Next steps: species interactions, global change, and regime
shifts
Natural or anthropogenic disturbances may create situations in which
turfs could alternately compete with or facilitate canopy-species
recovery (Table 1). In particular, non-coralline turfs tend to be more
resilient to disturbances such as El Niño (Filbee-Dexter & Wernberg
2018) and other disturbances (eutrophication, sedimentation, ocean
acidification) actually favor the growth of non-coralline turfs over
other taxa (Connell & Russell 2010; Muth et al. 2017). If turf or
crustose algae inhibit canopy recruitment, then the marine forest may
never recover after disturbance. However, if facilitation occurs, canopy
species may recover from a disturbance more quickly in environments with
stronger or more frequent positive interactions. Previous global change
predictions for marine forests were based on a negative effect of turfs
on canopy-forming species (Harley et al. 2011). Undeniably, competition
with turfs contributes to the globally-observed regime shift away from
canopy-dominated ecosystems (Petraitis & Dudgeon 2004; Filbee-Dexter &
Scheibling 2014; O’Brien & Scheibling 2018). However, in many
ecosystems, facilitation creates a positive feedback that maintains
contrasting system states (Kéfi et al. 2016). Given the frequency at
which we observe turf and crust facilitation of canopies in this study,
these positive effects may also contribute to alternative stable states
in marine forests. Future work should explicitly test for positive
interactions in these systems, and examine the role of facilitation in
amplifying or dampening the observed global regime shift to turf- and
crust-dominated marine forests.
We found that interactions in this system formed a continuum from
competitive to facilitative, across a predictable stress gradient. We
used latitude as a geographic proxy for temperature, as few studies in
this meta-analysis included environmental data alongside interaction
estimates. In the future, abiotic data, and especially temperature,
should be reported and possibly experimentally manipulated in studies of
marine forest interactions. We found a stress gradient effect when we
combined intertidal and subtidal studies in the same analysis, though
few empirical studies treat these as one system with an “elevational”
gradient. We encourage more empirical work integrating the subtidal and
intertidal ecosystems, especially given environmental changes that may
drive species to deeper (warming) or shallower (sea level rise) water.

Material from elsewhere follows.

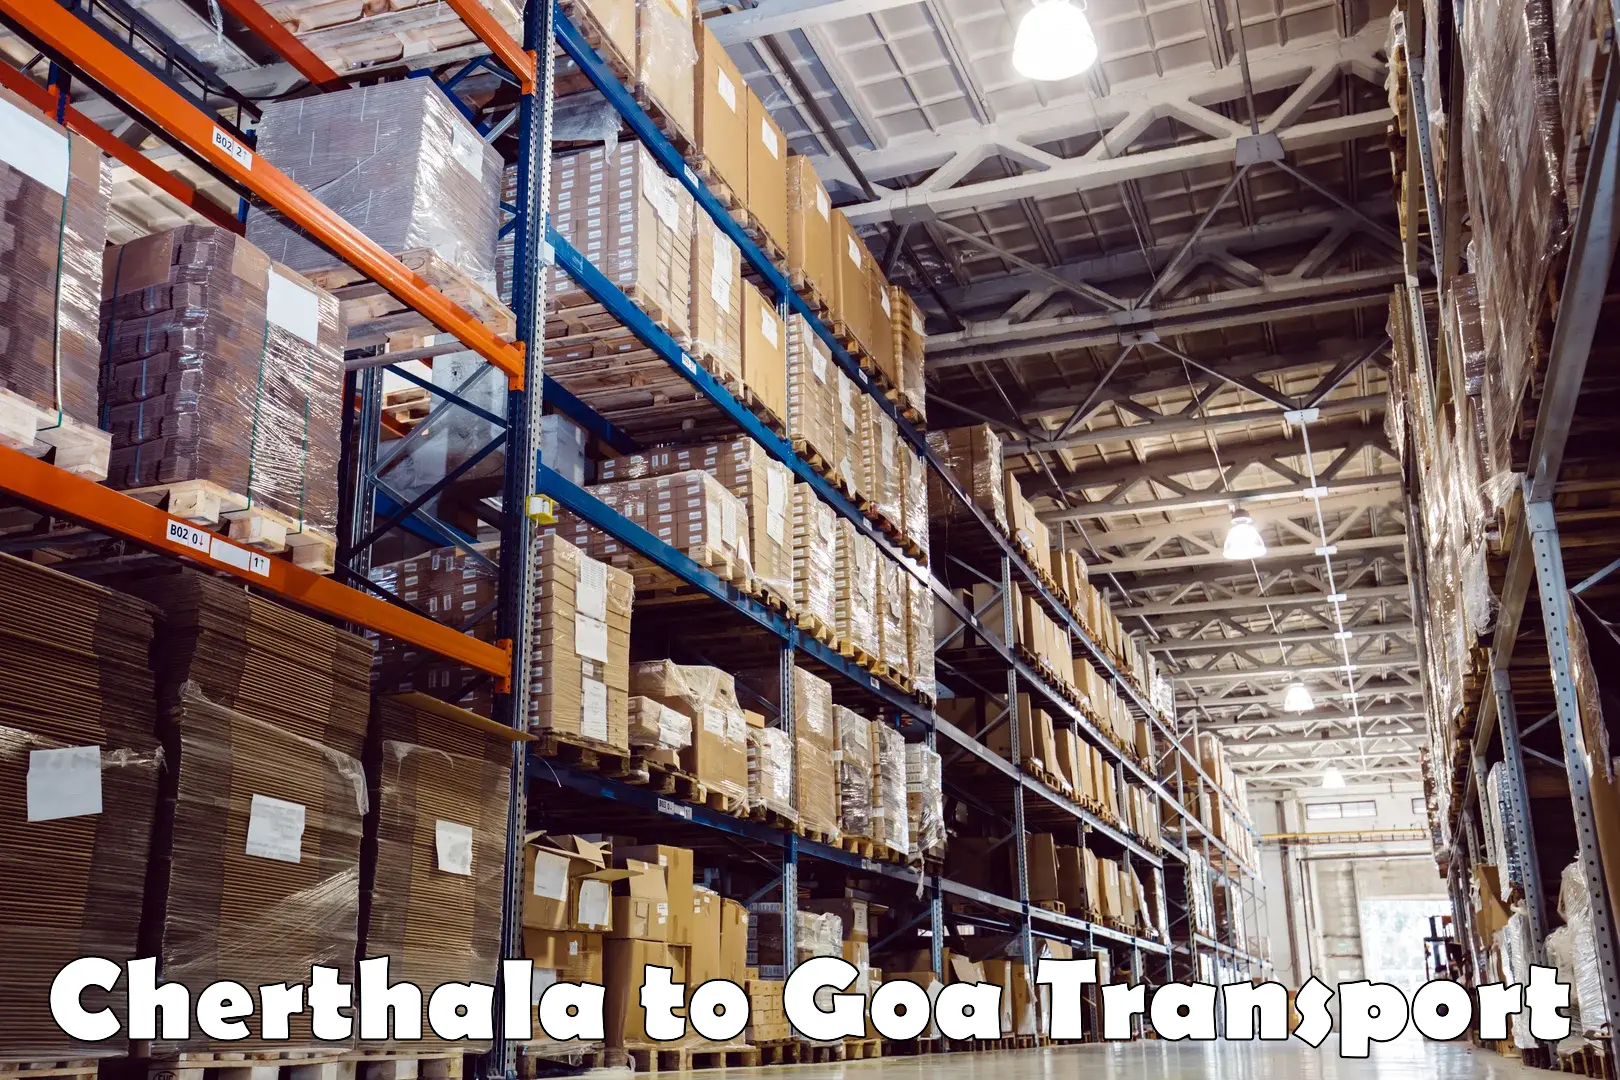 Express transport services Cherthala to Goa

Finally, the interactions included in this study are only a few of the
diverse set of trophic and non-trophic interactions in marine forests.
Herbivory, competition, facilitation, predation, and indirect effects
are all interactions that shape community structure and play a role in
regime shifts (Petraitis & Dudgeon 2004). Linking the effect of the
canopy on turfs and crusts with the interactions in this study would be
a feasible first step in understanding the emergent impact of all these
interactions (Bennett et al. 2015; O’Brien & Scheibling 2018). Our
results highlight the importance of testing for facilitative
interactions where competition is thought to dominate, shedding new
light on a well-studied interaction involved in a global regime shift.